▶ EXERCISE DESCRIPTION: All of the data below should be printed again word for word, pictures excluded.

▶ SUPPLIED MATERIAL:
*** Begin section ***
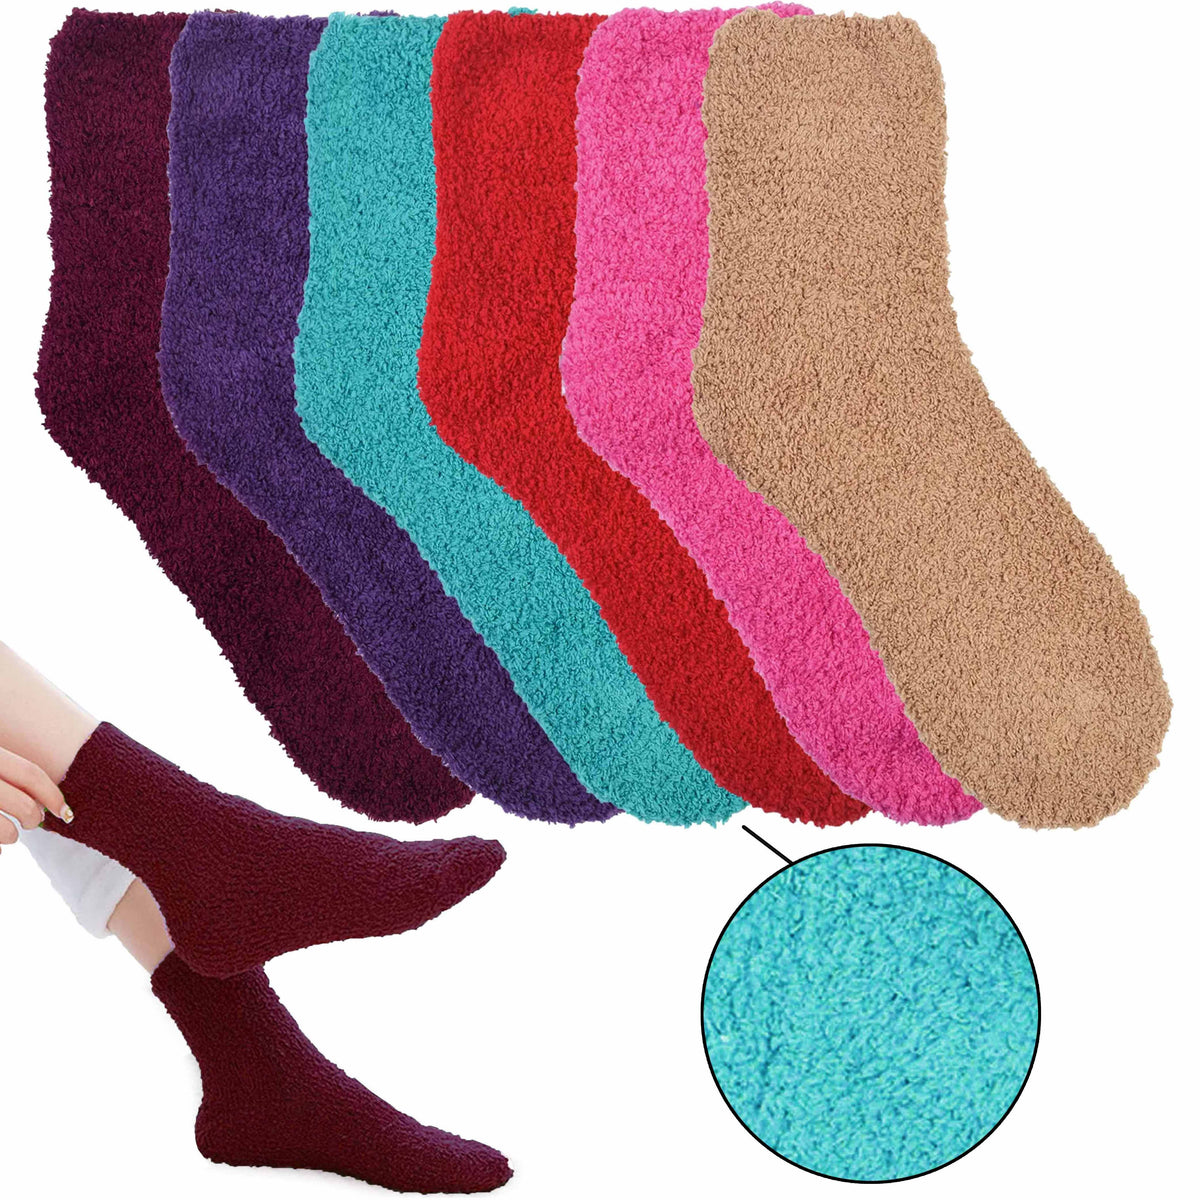 Cozy Warm Slipper Socks Crochet Pattern – Leelee Knits
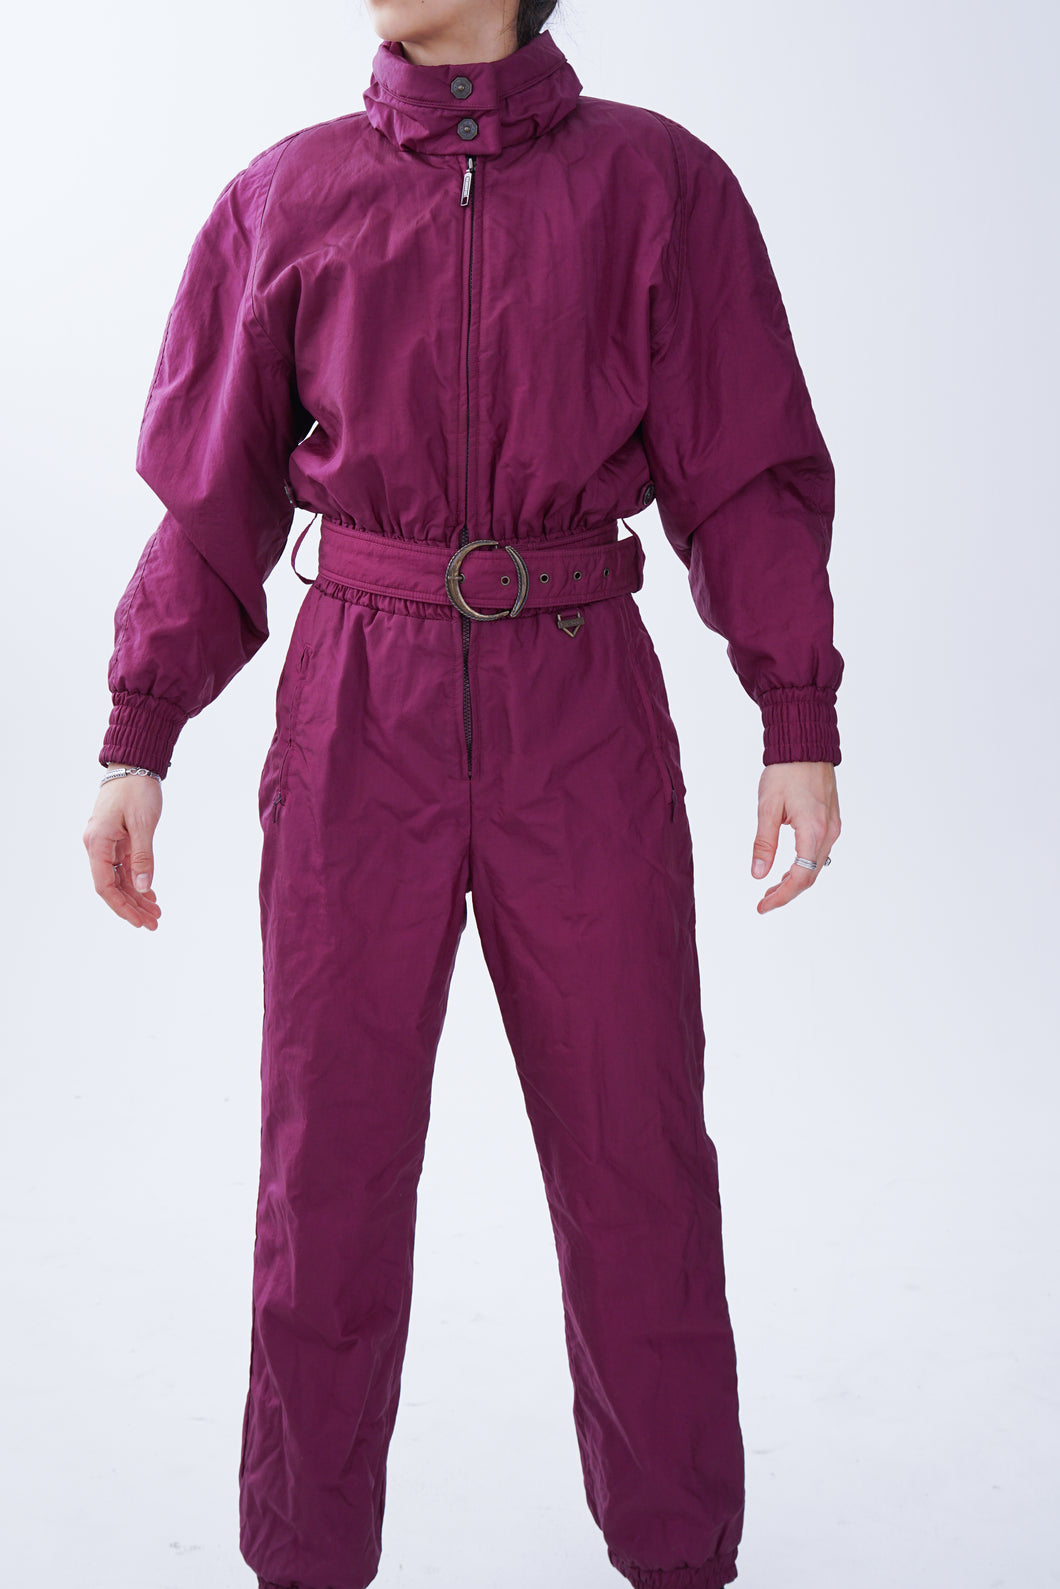 One piece vintage Fera Skiwear ski suit, snow suit mauve métallique pour femme taille 10
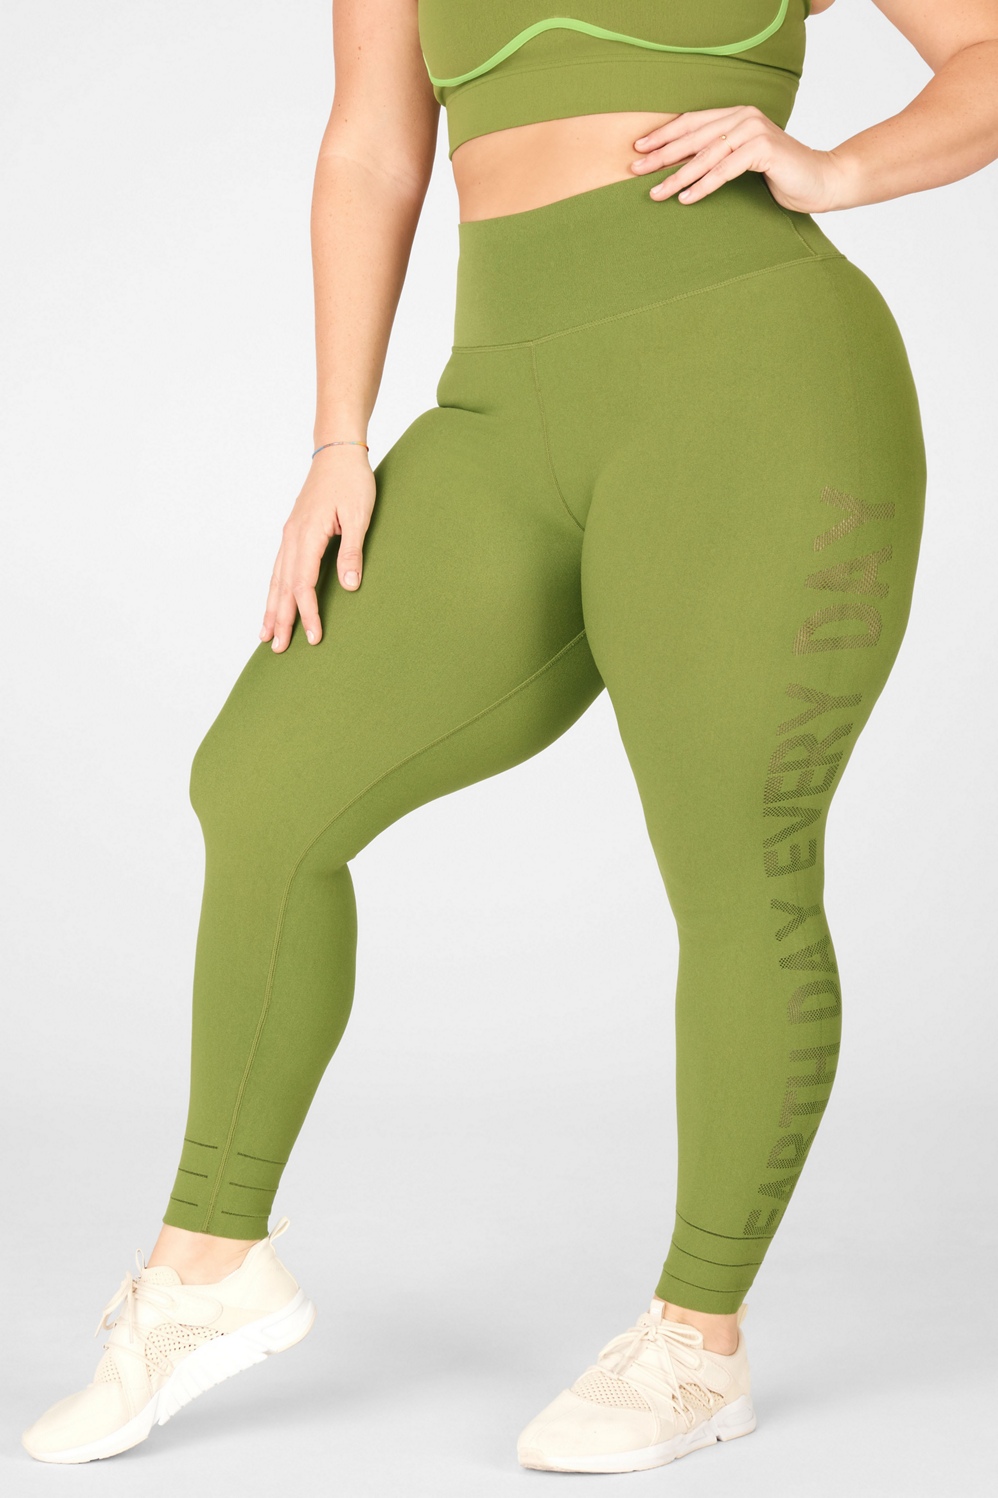 Ethos Women's Olive Green Bra+Legging set Size S - Depop
*** End section ***
▶ RESULT OF THE EXERCISE:
 Cozy Warm Slipper Socks Crochet Pattern – Leelee Knits
 One piece vintage Fera Skiwear ski suit, snow suit mauve métallique pour femme taille 10
 Ethos Women's Olive Green Bra+Legging set Size S - Depop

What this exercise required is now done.